Para contrariar este incentivo perverso, o PSD tem que exigir que o governo publique no início do ano o detalhe do chamado “padrão de segurança” de execução mensal para 2011. É evidente que já não há condições para tomarmos como fiáveis as reiteradas afirmações de que está tudo a decorrer dentro do padrão de segurança. Mas é claro que o governo tem ainda o incentivo para “martelar” as previsões do padrão de segurança e por isso os sociais-democratas e a nova UTAO devem ser muito exigentes na avaliação destas previsões do executivo.

PS. Concorri ao primeiro concurso da UTAO de 2010 e fui liminarmente excluído pela singular razão de ser trabalhador independente. Se trabalhasse numa sapataria sem qualquer currículo sobre contas públicas seria aceite no concurso, mas como independente não.

[Publicado no Jornal de Negócios]

sexta-feira, 22 de outubro de 2010

Jogo perigoso

Os juízes e procuradores anteciparam-se aos sindicatos da função pública e defendem a inconstitucionalidade da descida dos seus vencimentos. Ainda não perceberam que a decisão é inevitável e ainda por cima esquecem que o parlamento inicia um processo de revisão constitucional no dia 29 do corrente mês.

O PS e o PSD devem aproveitar a ocasião para esclarecer as dúvidas dos magistrados e incluir na constituição uma norma que subordina os direitos adquiridos no sector público ao princípio da sustentabilidade das finanças públicas. Assim, não só resolveriam de uma penada o problema do corte dos salários para 2011, como abriam a porta para muitas mais mudanças imprescindíveis para conseguir cortes estruturais na despesa.

Quanto mais aqueles juristas fizerem pressão corporativa, maior será o incentivo dos partidos políticos para tomarem uma decisão radical. Parece-me um jogo muito perigoso para aqueles, mas até gostaria que insistissem, para essa alteração constitucional ser concretizada.

quinta-feira, 21 de outubro de 2010

Desperdícios (1)

O que está o Instituto Português da Juventude (IPJ) a fazer na mais cara avenida portuguesa, a Av. da Liberdade, em Lisboa?

Generalizando esta interrogação, quantos serviços, sobretudo do Estado central, estão instalados de forma desnecessariamente luxuosa? Neste caso do IPJ a extravagância nem é o edifício em si, é sobretudo a sua localização.

Seria certamente possível mudar de instalações, possivelmente até para umas mais pequenas, localizadas na zona oriental da cidade, já servidas de metro, mas com uma ocupação muito esparsa. Conseguir-se-ia uma poupança – estrutural – de milhões de euros.
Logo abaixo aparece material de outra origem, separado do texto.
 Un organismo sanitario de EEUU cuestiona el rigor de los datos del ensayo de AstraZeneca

sábado, 16 de outubro de 2010

Coerência

A última esperança que tinha em relação a este orçamento é que o governo apresentasse um défice de 2010 claramente abaixo dos 7,3%, já que usou 1,5% do PIB com o fundo de pensões da PT. Mas não.

Recapitulemos. Em Maio de 2009 o governo previa que a economia caísse 3,4% e o défice se fixasse nos 5,9% do PIB. Afinal a economia não caiu tanto (-2,7%), mas o défice atingiu uns extraordinários 9,3% do PIB.
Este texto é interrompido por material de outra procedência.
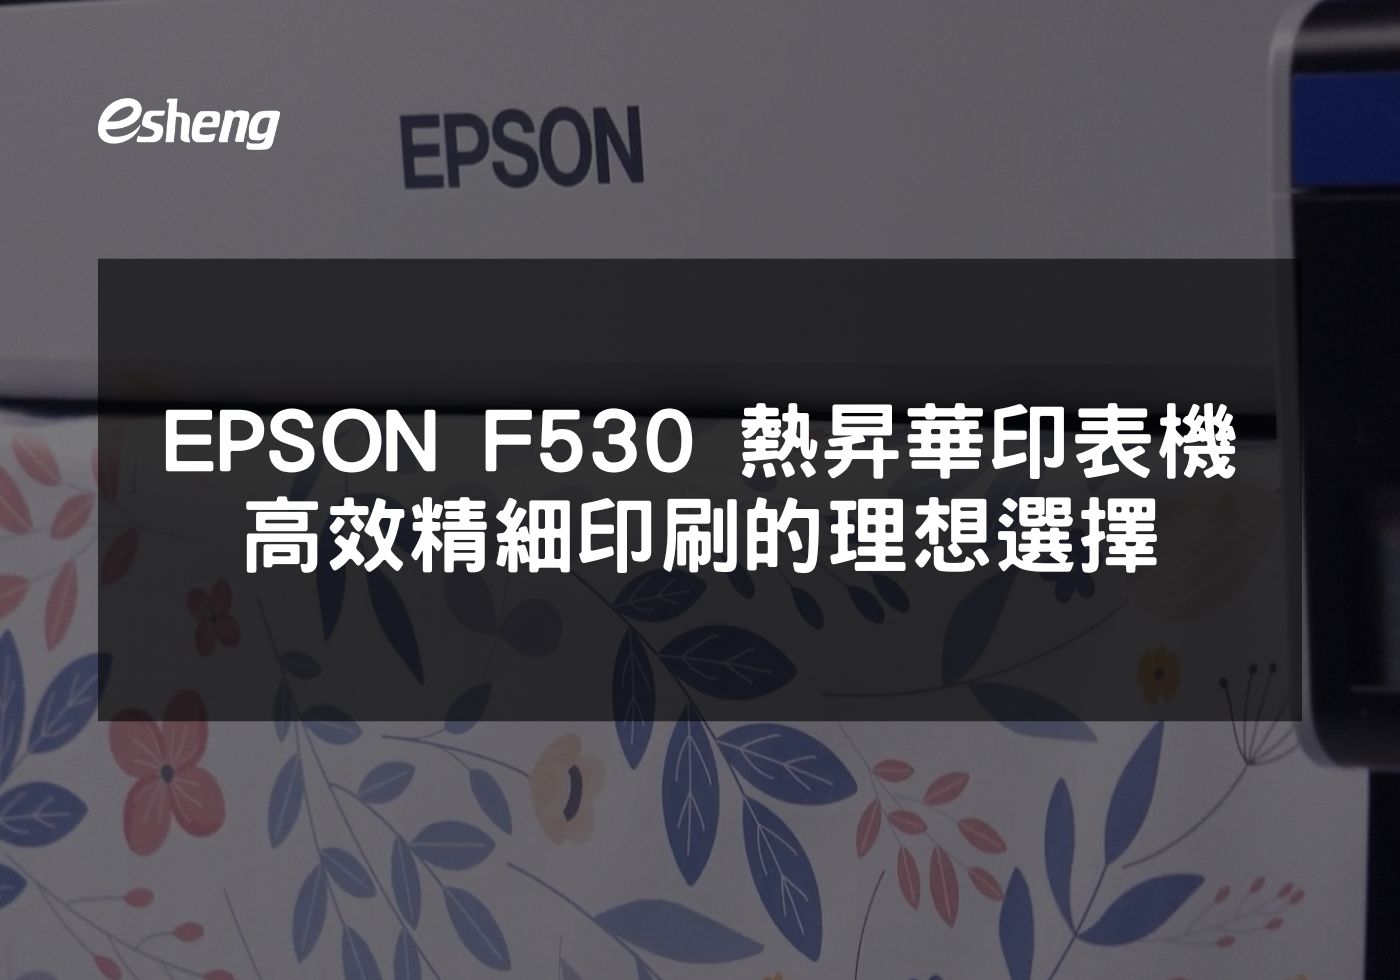 您目前正在查看 EPSON F530 熱昇華印表機 高效精細印刷的理想選擇

Depois de forçado a rever a proposta inicial de orçamento de 2010, o governo previa que a economia crescesse 0,7% e o défice fosse de 7,3% do PIB. Afinal a economia vai crescer mais (1,3%), mas o défice vai ser pior (8,8% do PIB sem o truque do fundo de pensões).

Ao contrário da sorte que teve nestes dois anos, é mais do que certo do que a economia cresça menos do que os 0,2% que o governo “prevê”. Se o governo começa por prometer um défice de 4,6% do PIB para 2011, qual deverá ser o défice final?